Toyota and Honda, two of the biggest automakers worldwide, recently revealed record quarterly earnings, even amid the global chip shortage. However, because of recent increases in COVID-19 around the world, as well as because of the existing chip shortage, many automakers have warned investors and the public about the future to come for the industry.
For many months now, the auto industry has suffered from a global chip shortage that has hindered overall production — which in turn has affected the price of cars and overall sales. However, even amid these global problems, Toyota and Honda have been able to thrive in the last quarter. Both companies have raised their annual profit forecast as a result.

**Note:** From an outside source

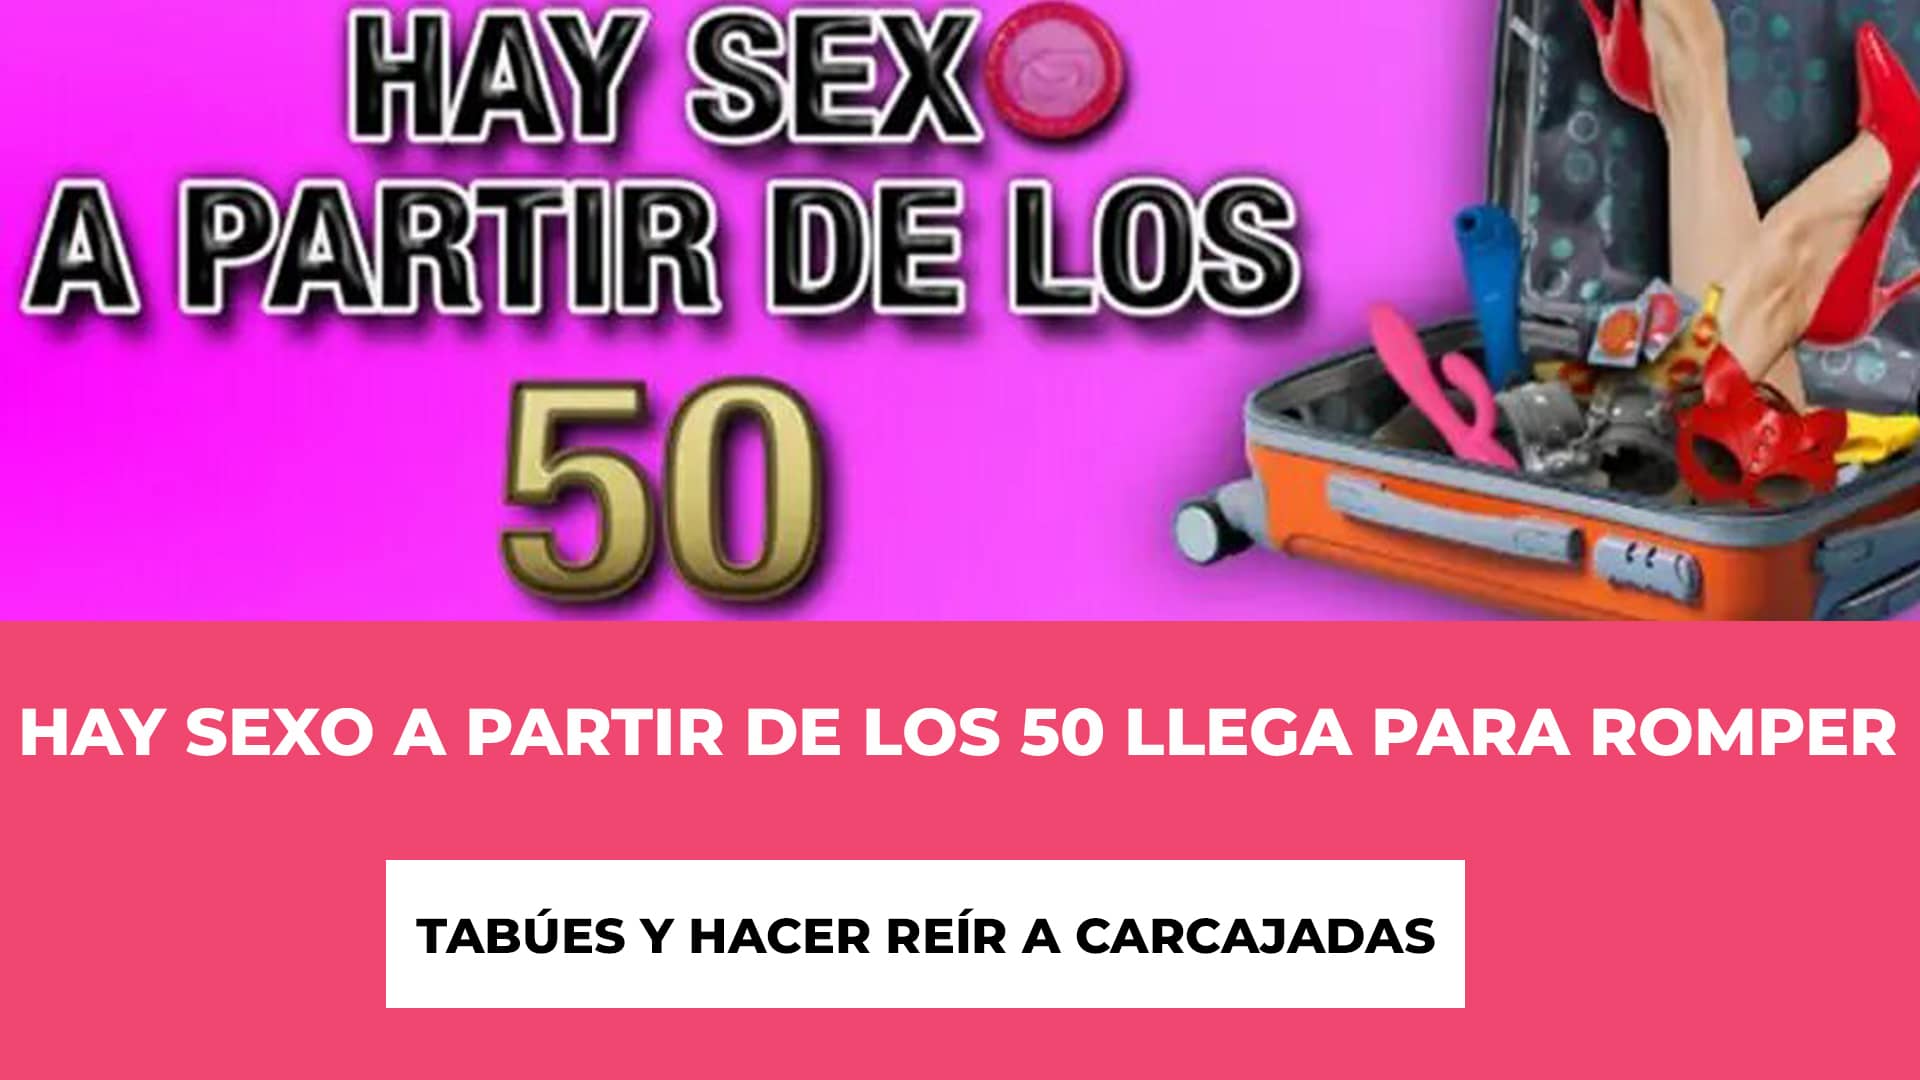 Descubre info de la comedia Hay sexo a partir de los 50 en Teatro Arlequín - Madrid 2023 - Comedia Llena de Diversión - Teatro Arlequín - Reflexión Divertida

Toyota hasn’t been as affected by the chip shortage, when compared to other automakers around the world, because of the stockpile they had of semiconductor chips. After the Fukushima earthquake in 2011, Toyota decided to stockpile these chips to keep their business in the best shape possible, no matter what they faced. This has worked out for them amid the global chip shortage.
However, new COVID-19 worries could threaten the stability of auto manufacturers, especially at the factory or manufacturing level. Honda and other Chinese-based car manufacturers have been forced to close some factories down in the last few weeks as COVID-19 cases soared in their factories, or in clusters to where the factory is located. As the delta variant of the virus continues to infect people, this may happen to other automakers in other parts of the world
The chip shortage will also continue to be a problem — something many automakers recently announced. BMW warned that the shortage will continue to affect their production cycle and their overall sales well into the next year. Stellantis also said as much. General Motors also announced recently that the company will shut down many of its North American plants as a result of this chip shortage. Toyota, while doing well, also was forced to suspend production at some of their plants in Thailand and China because of raw material shortages.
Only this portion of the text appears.